Ahmet said, “There is a certain sort of excess that is interesting, don’t you think? And America is, of course, the most excessive place. I came here as a child of twelve, but even before I came here I cared about jazz and gangsters and Chaplin. Nesuhi taught me all that. He also taught me that David Windsor was the best-dressed man in the world. Nesuhi at sixteen was a superstar. I am not an exception, you know? Everyone I knew was fascinated by America. There was then a colony of Turkish students going to school in Hollywood instead of going to Oxford. They hung around in cars, trying to go out with Linda Darnell.” Ahmet paused. “I had a friend named Harper Soules. He took me to Brooks Brothers. I put on a jacket, and it was two sizes too big or two sizes too small, or something. And I said, ‘This doesn’t fit.’ And the man from Brooks Brothers said, ‘This is your size,’ and I said, ‘But it doesn’t fit,’ and Harper Soules got very angry at me. ‘Fit, fit—of course it doesn’t fit,’ he said. ‘If you want it to fit, go to one of those cheap Broadway stores. This is Brooks Brothers.’ I was interested in that.” Ahmet paused again. He looked briefly at the clipping about the soccer game. “I should tell you about John Caskie, who was a friend of mine at college. He was the best-dressed man in America. We all knew that. He was the first to wear old tennis shoes. He had a Mercedes-Benz 540K. His father bought him a house in Middleburg filled with antiques, which he burned in the fireplace. He had his Mercedes reduced to a one-seater, because he didn’t want anyone to ride with him. He had marvellous tweed jackets, silk shirts, flannels with about five holes in them, tennis shoes. I don’t think he ended well.”

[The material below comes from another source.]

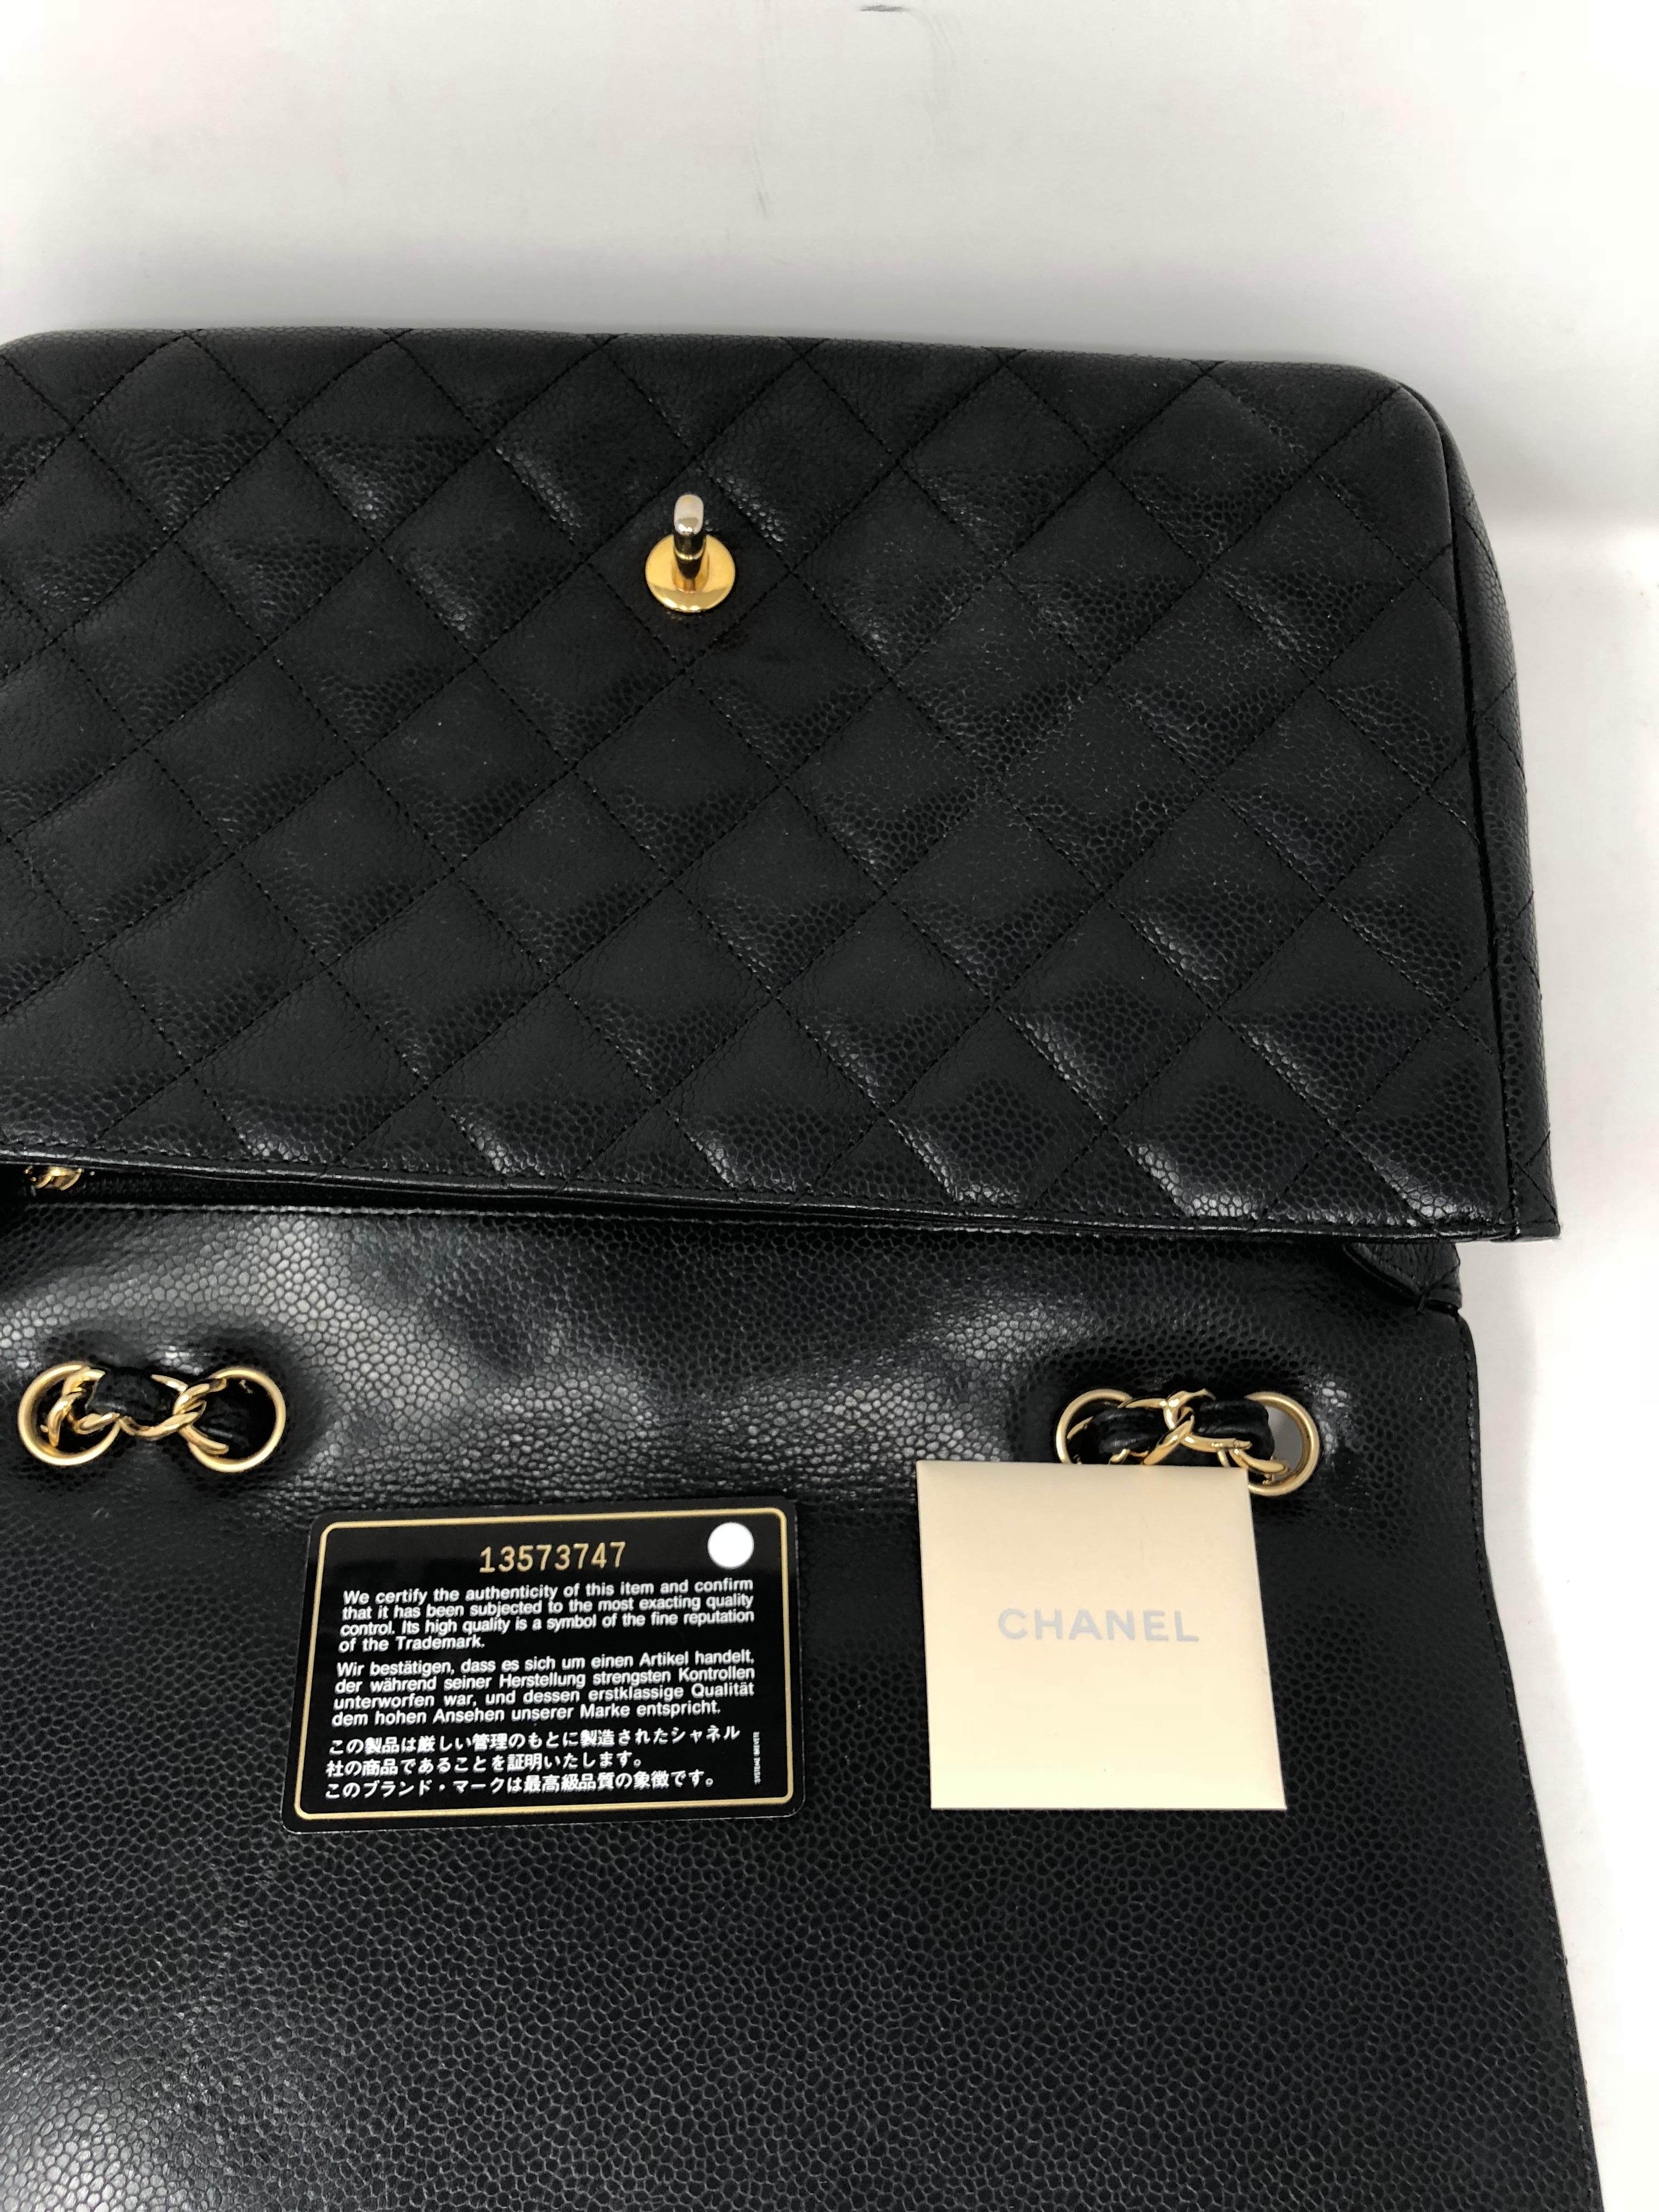 Chanel Black Caviar Jumbo Bag 6

The waiter brought Ahmet another newspaper clipping about soccer. “Soccer is all I care about,” the waiter said.
“Iused to have a bus,” Ahmet said, riding downtown with Mica toward a loft on the Bowery. “I mean, I used to rent a bus. Because it was cheaper than a car and driver, and it was more fun, if you know what I mean.”
“I don’t think there is any fun anymore,” Mica said. “I don’t think there are any amusing places to go. We went to some places the other night. We went to C’est Moi, and that was just nothing. And we went to a place called Tambourine. I was told that Tambourine was very nicely done. I was told, you know, that it was amusing, but it seemed to me that it was mostly transvestites. I am so bored with transvestites. Some of them are nice people, I suppose, but I think it is so boring now.”

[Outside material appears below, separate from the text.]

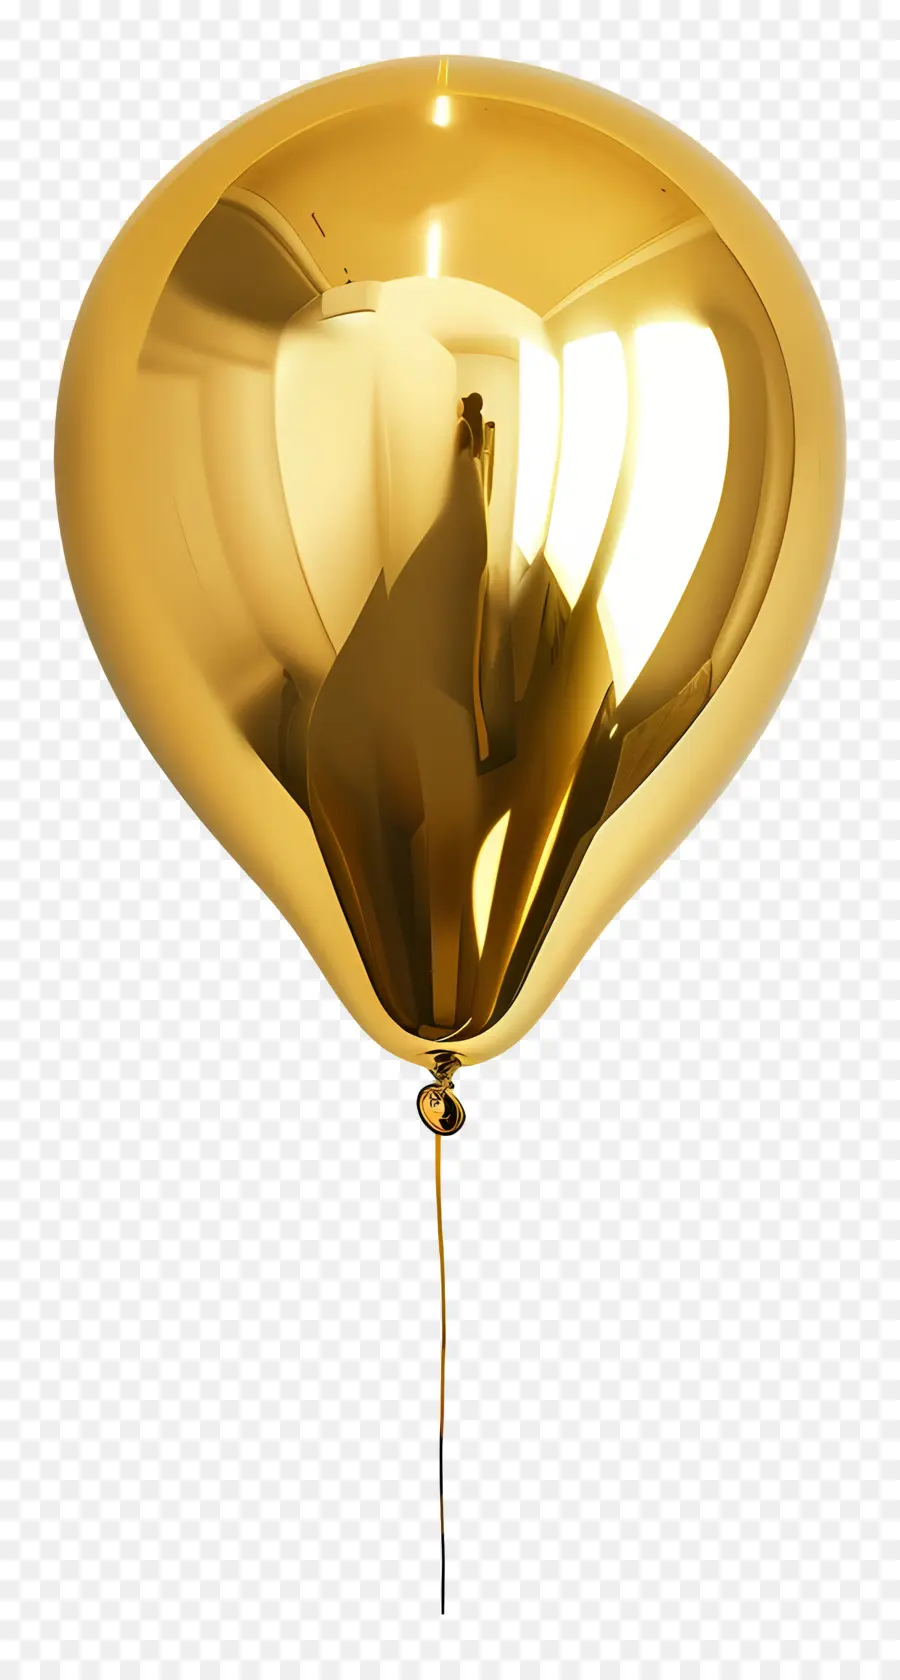 Gold balloon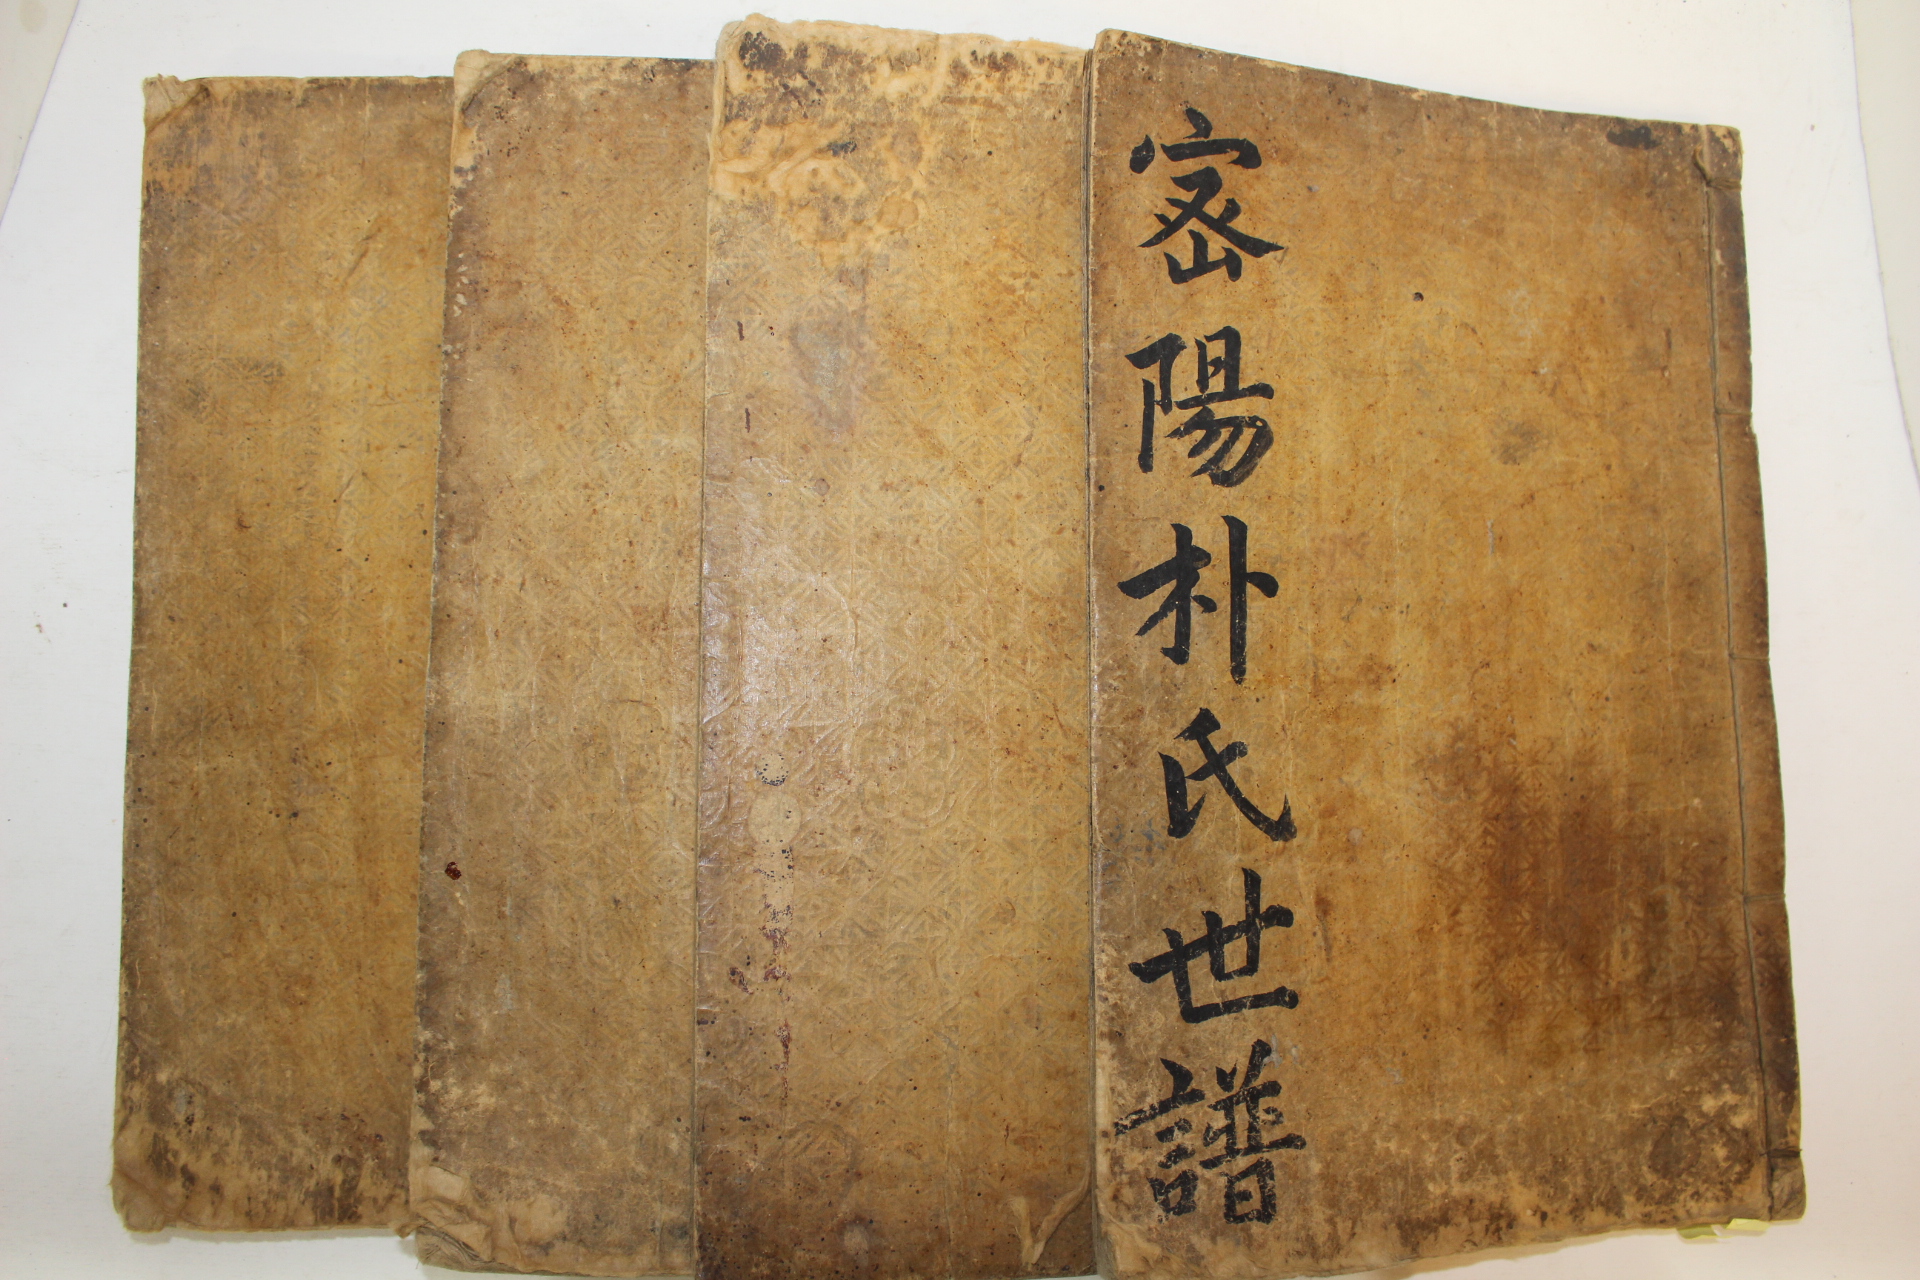 1765년(영조41년) 목판본 밀성박씨세보(密城朴氏世譜) 4책

“Mario Santo Domingo, my South American friend, used to come up and we would have a trio in the bus and go around to parties,” Ahmet said. “We would teach the trio very obscure songs. ‘And Her Mother Came Too’ and ‘Just a Personal Friend’ were two songs we sang in the bus. We kidnapped half of the Count Basie band from Birdland and took them to the Village. One night, we went to El Morocco and parked the bus in front. Two guys who worked in the men’s room were Turks and they loved me, and I took them and the hat-check girl and a couple of waiters and got them in the bus. As people came, we asked them into the bus. I mean, if one of us knew them. It was very crowded in the bus. We even had a cigarette girl going around. John Perona—who owned El Morocco, you know?—came out, because no one was coming into the club. He was very angry, but he forgave us later.”
The loft that was the Erteguns’ destination was the loft of Kenneth Noland, and it had been decorated by Mica. There were thirty or forty people there. Among the thirty or forty were two black men. Young, sleek, un-poor. Ahmet gave them a certain amount of attention. Ahmet identified one as the illegitimate son of a jazz musician. Ahmet went up to these two young men and began to tell a rather complicated story about going to East St. Louis to hear music. He seemed, at that moment, to require their approval. Later, possibly, their approval would be irrelevant or trying. The sleek young black men looked at Ahmet blankly. If they had any interest in his story, they masked it. One of them left to get a cigarette.
Ahmet talked to me about the bus again. “It became meaningless at a certain point,” he said. “Either we changed or the world became more sincere. You know, there is a certain sort of sincerity that is opposed to a certain sort of fun. Nobody gives those parties anymore. Except once in a while a Bolivian gives one in Portugal.”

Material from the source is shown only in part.